Free Support Forum -

Invisible (zero-width) space characters not causing line breaks in PDF converted from DOCX file

We have a DOCX file that contains, among other resources, a long string of numbers and characters separated at various locations by a specific character. We decided to place the unicode zero-width breaking space character \u200B directly after each of these separating characters.

In our DOCX file, this produces the expected result, which is nicely-formatted line breaks.

But, when converting this DOCX file to a PDF document using Aspose.Words, the characters no longer offer the lines a chance to break. Is this a known issue, and if so, is there an alternate character we can use that will satisfy the PDF converter?

I have attached a screenshot of the DOCX (properly formatted) on the top, with the converted PDF on the bottom. Note how the PDF only breaks on actual spaces and hyphens, while the DOCX breaks on our unicode character.
Hi Craig,

Thanks for your inquiry. Could you please attach your input Word document (.docx file) here for testing? I will investigate the issue on my side and provide you more information.

Best regards,

Thank you very much for the quick response. Attached is the Word document that we’re converting.

Please let me know if there’s any additional information/data you need.

Hi Craig,

Thanks for your inquiry. I have attached a PDF file that is produced on my side here for your reference. Could you please also create and attach here a screenshot that highlights the problematic areas in this PDF file? I will investigate the issue further and provide you more information.

Best regards,

Thank you for your response, I apologize for the holiday delay.

Attached is a screenshot of a comparison of (1) the PDF output you provided and (2) my original Word document.

Please note how the content in the Word document properly fills the width of the table, breaking on the invisible spaces, while the PDF document seems to only break on the dashes, and on actual spaces in the word-based content. Also note that this premature line breaking in the PDF output causes the PDF version to require 4 lines of text to print the contents, while the Word document only uses 3.

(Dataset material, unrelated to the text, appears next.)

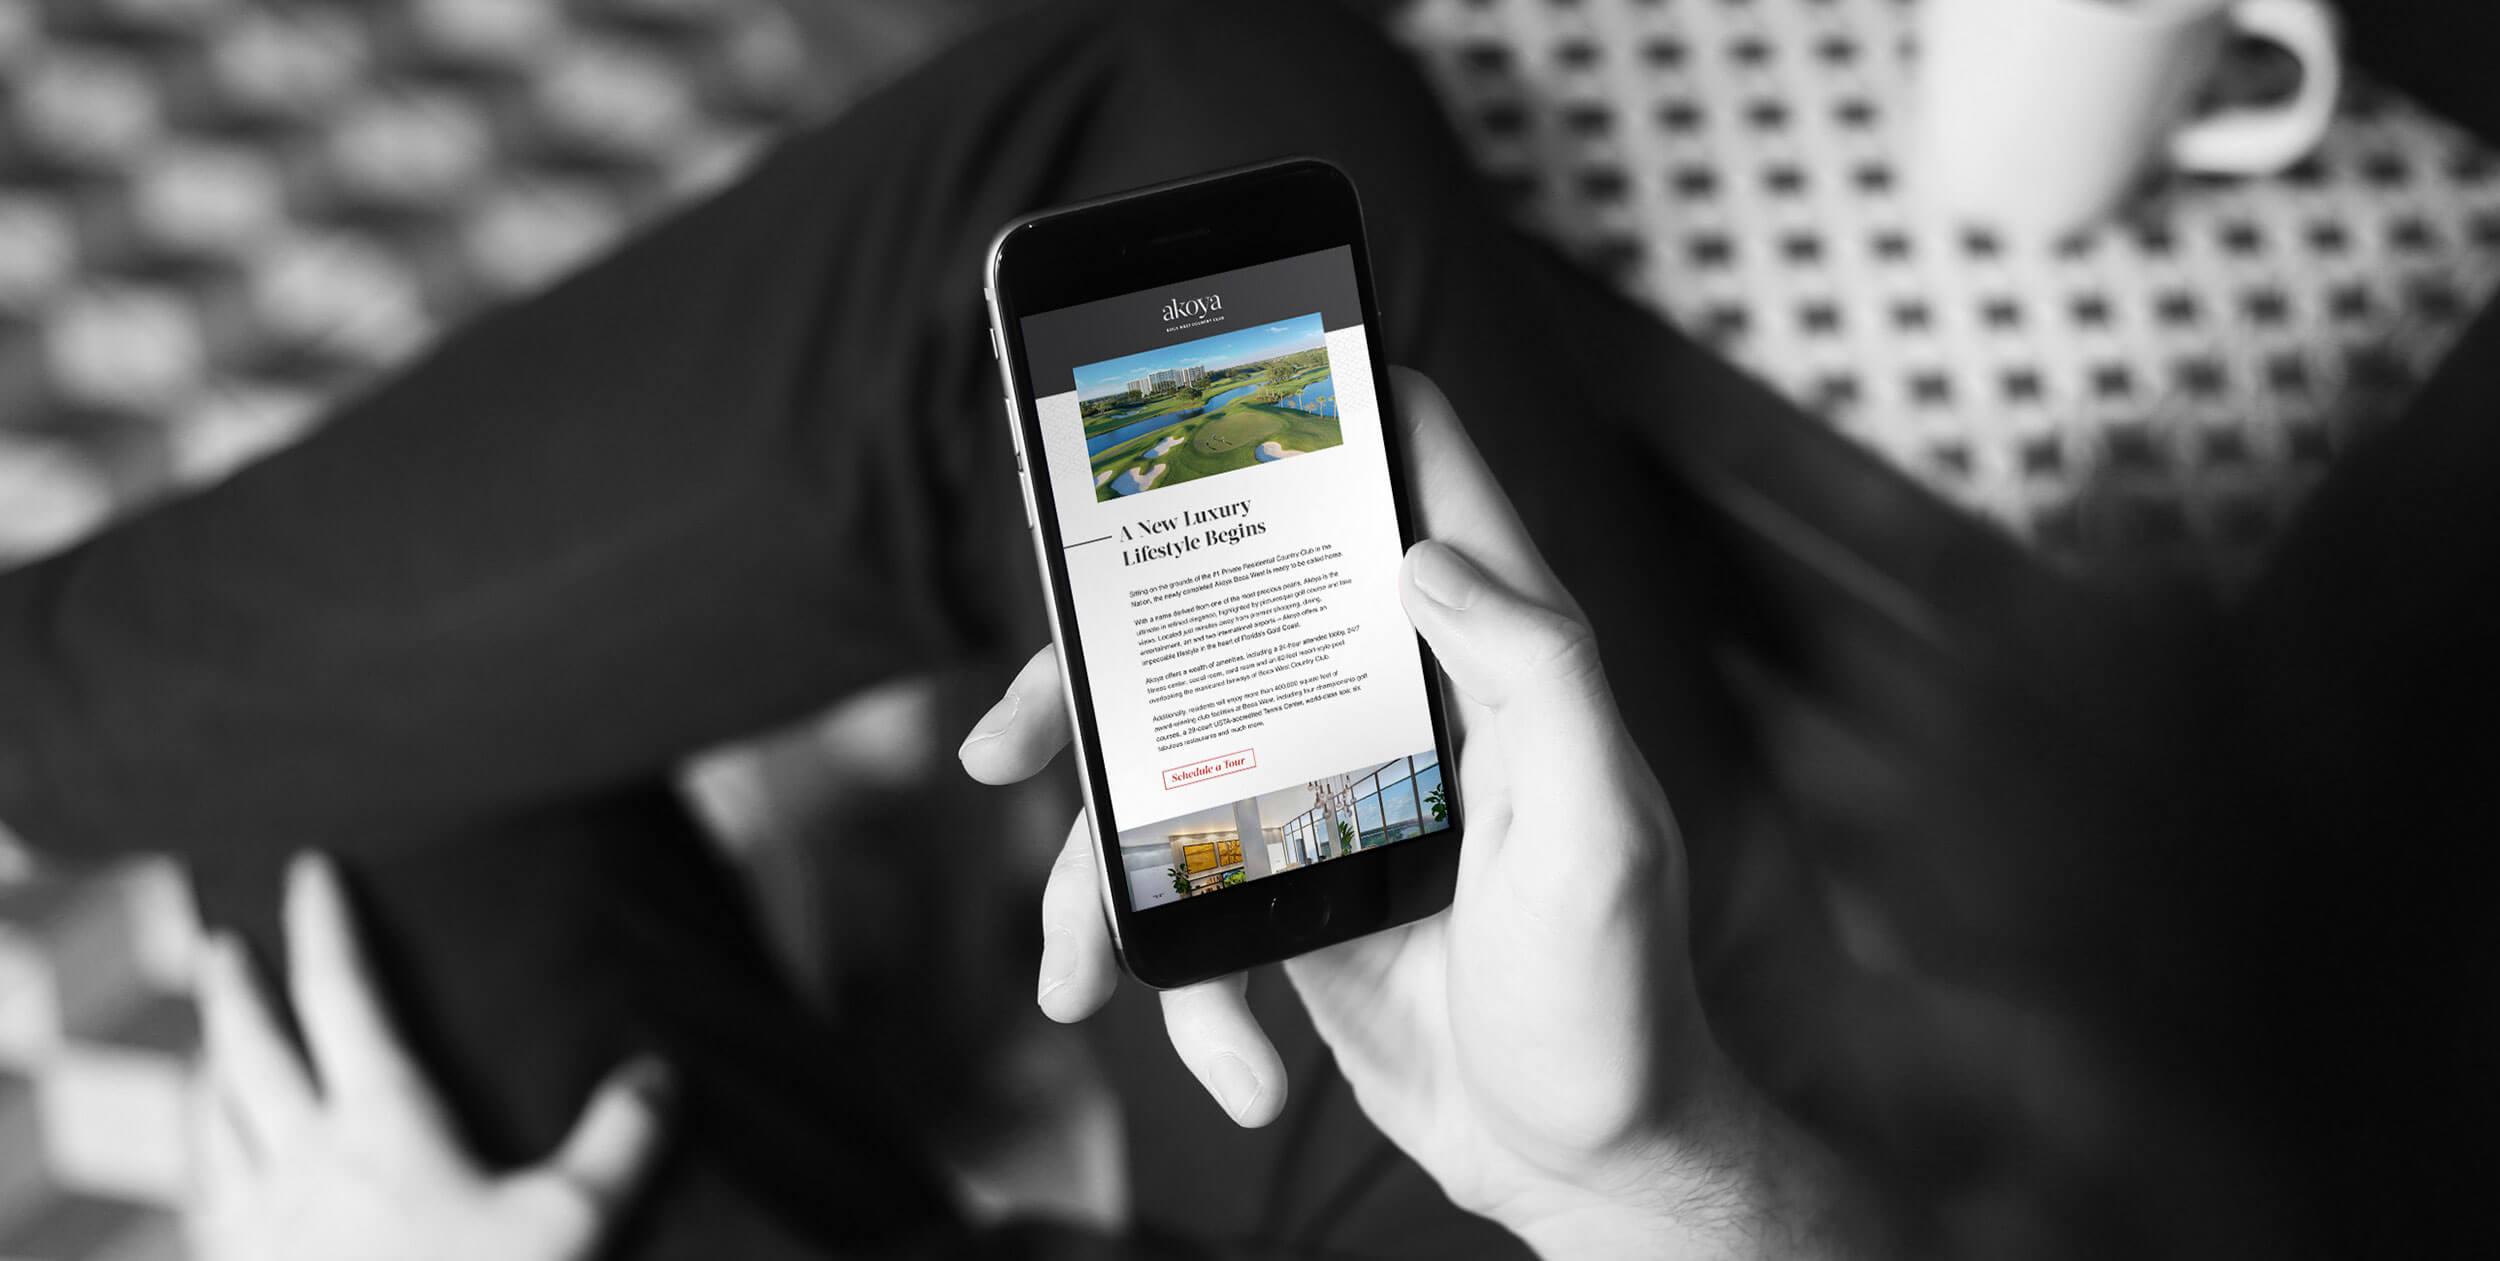 Man holding phone viewing Akoya website

Thanks again, let me know if you need any additional information.

Hi Craig,

Thanks for the additional information.

While using the latest version of Aspose.Words i.e. 11.11.0, I managed to reproduce this issue on my side. I have logged this issue in our bug tracking system. The issue ID is WORDSNET-7585. Your request has also been linked to this issue and you will be notified as soon as it is resolved.

Sorry for the inconvenience.

Best regards,

The issues you have found earlier (filed as WORDSNET-7585) have been fixed in this .NET update and this Java update.

This message was posted using Notification2Forum from Downloads module by aspose.notifier.